Technique of the Week: Steaming

Steaming is a wet cooking method that transfers heat to food via conduction, (i.e. from direct contact with the water vapor,) and convection, (i.e. from the upward motion of the water vapor.)  Steaming is a highly effective method of transferring energy.  Steaming doesn't leach away nutrients like immersion methods do since the food is not surrounded by roiling liquid.  Steaming is ideal for more delicate meats and vegetables which would be damaged by the greater agitation and disruptive force of boiling or simmering water. Steaming and “health food” are practically synonymous making it the cooking method of choice for dieters everywhere since there is no fat employed whatsoever.

There are a number of equipment options for steaming.  The first is the classic bamboo steamer, traditionally used to make a variety of Asian dishes.  They can be stacked on top of each other thus allowing the simultaneous steaming of multiple items.  Then, there is the traditional steaming pan which is basically a sauce pan with holes in the bottom that sits snugly on top of another saucepan which holds the steaming liquid. The most popular folding steamer insert, designed to conform to the diameter of any pot within its particular range.  Our personal favorite is a silicone version of the steamer insert, but a colander set inside a larger pot of simmering water is an inexpensive, make-shift version.

Regardless of the vessel, the concept is that food placed in the upper section of a steamer is cooked by the heat and vapor of the liquid boiling in the lower section. A well-fitting lid, to keep the steam in, is important. Careful timing is essential as steamed food is tasteless if even slightly overcooked. Steaming is pretty straightforward.  Bring the water to a gentle boil and place the food in the steamer and cover.  Just make sure the food is not in direct contact with the liquid water.  If you’re steaming something that takes an extended amount of time, you may need to add a little hot water during the process to compensate for evaporation.

Basic steaming is obviously performed with water, but you can use a flavored liquid and impart additional flavor to the food.  Court-bouillon is a broth made from water, wine, vinegar and/or citrus juice, aromatics and herbs.  Traditionally it is employed for poaching but you can use it as a steaming liquid as well.  Moreover, when the item is done steaming you can utilize what’s left of the Court-bouillon as a sauce.  For more intensity, boil some of it down for a richer sauce.

Potatoes are great candidates for steaming. The advantage of this method, especially with floury potatoes, is that none of the starch is lost in the water and there is no violent agitation to break up the potatoes. Cut the potatoes to a uniform shape and size and place in the top half of a steamer with the water below set to boil vigorously.

Most vegetables can be steamed in about five minutes.  Do not over-steam or your green vegetables will start to lose their vibrant hues.  Vegetables can be steamed in their own juice. Spinach, for example, may be put, wet from washing, into a covered pan and shaken over moderate heat for about 5 minutes. It will then be soft, bright green and much reduced. Press to extract excess moisture, add a tablespoon or 2 of butter and season. Green beans are another vegetable that lend themselves to steaming.

Steamed Green Beans Gremolata
  • 1 lb. green beans, trimmed
  • 1 tablespoon lemon zest
  • ½ cup fresh parsley, minced
  • 2 garlic cloves, minced
  • ¼ cup extra virgin olive oil
  • 1 teaspoon lemon juice
  • ¼ teaspoon salt

Bring water to a boil and place steamer over water. Place the beans in the steamer basket and allow to steam for 8 minutes and test one of the beans for doneness. The beans should be until tender but still crisp and bright green. If they if they are not yet done, check again at 12 minutes. Remove beans from steamer and turn out into a mixing bowl.
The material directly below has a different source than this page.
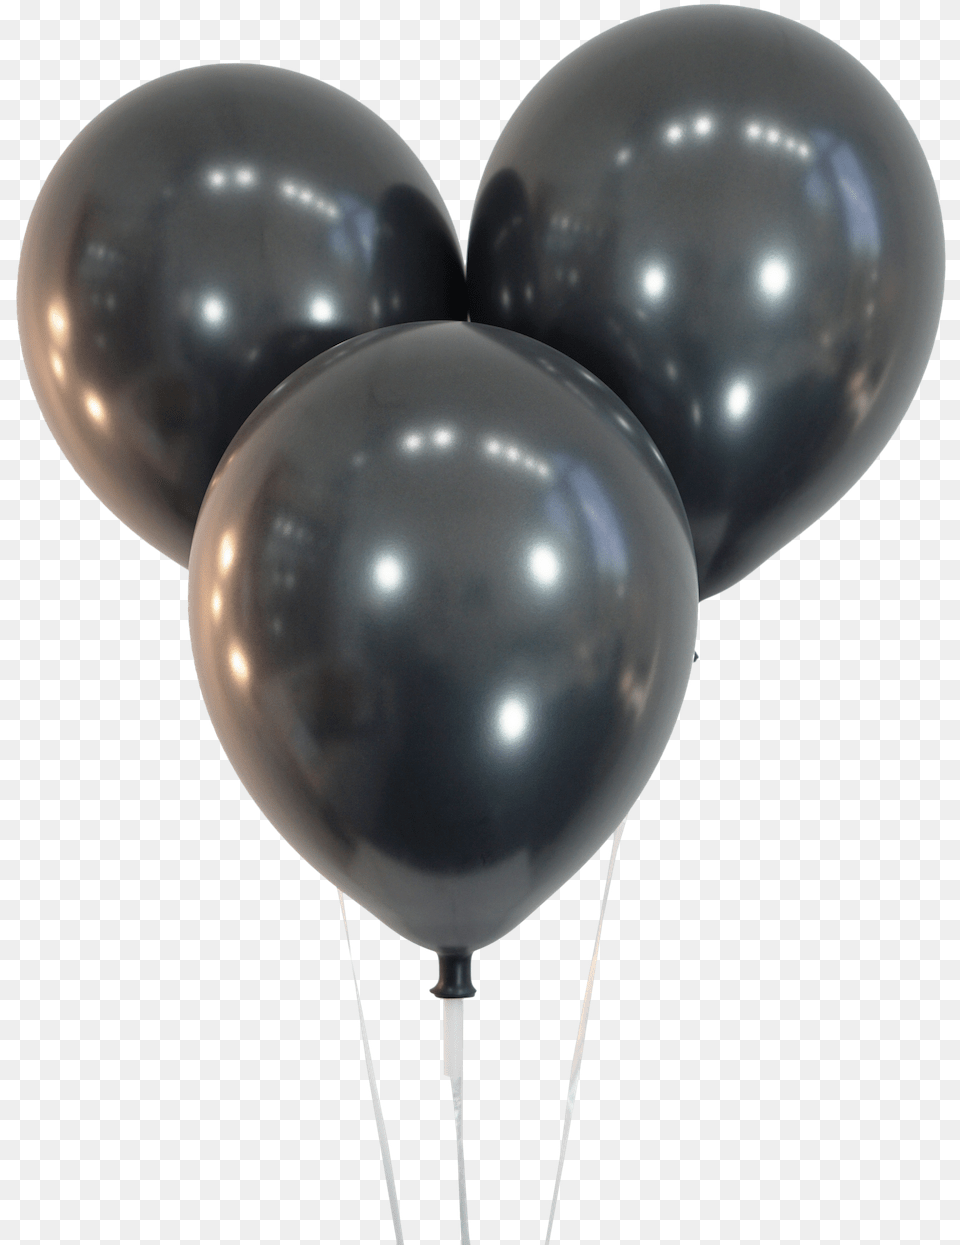 Metallic Black Balloons Black Metallic Balloons, Balloon Free Png

Gremolata is an Italian herb condiment typically made of lemon zest, garlic, and parsley. Combine zest, parsley, garlic in a small bowl and slowly drizzle in olive oil stirring until well blended.

While the beans are still hot, toss them with two tablespoons of Gremolata and sprinkle with lemon juice. The lemon juice is added just before serving to keep the beans from turning brown (so, do not do this ahead of time).  When ready to serve, place the beans on a serving plate and sprinkle with salt and garnish with a bit more chopped parsley. Serve hot or at room temperature.

These beans are delicious cold too. They can be kept covered in the fridge for up to 3 days. Toss them in a salad or just eat with your fingers.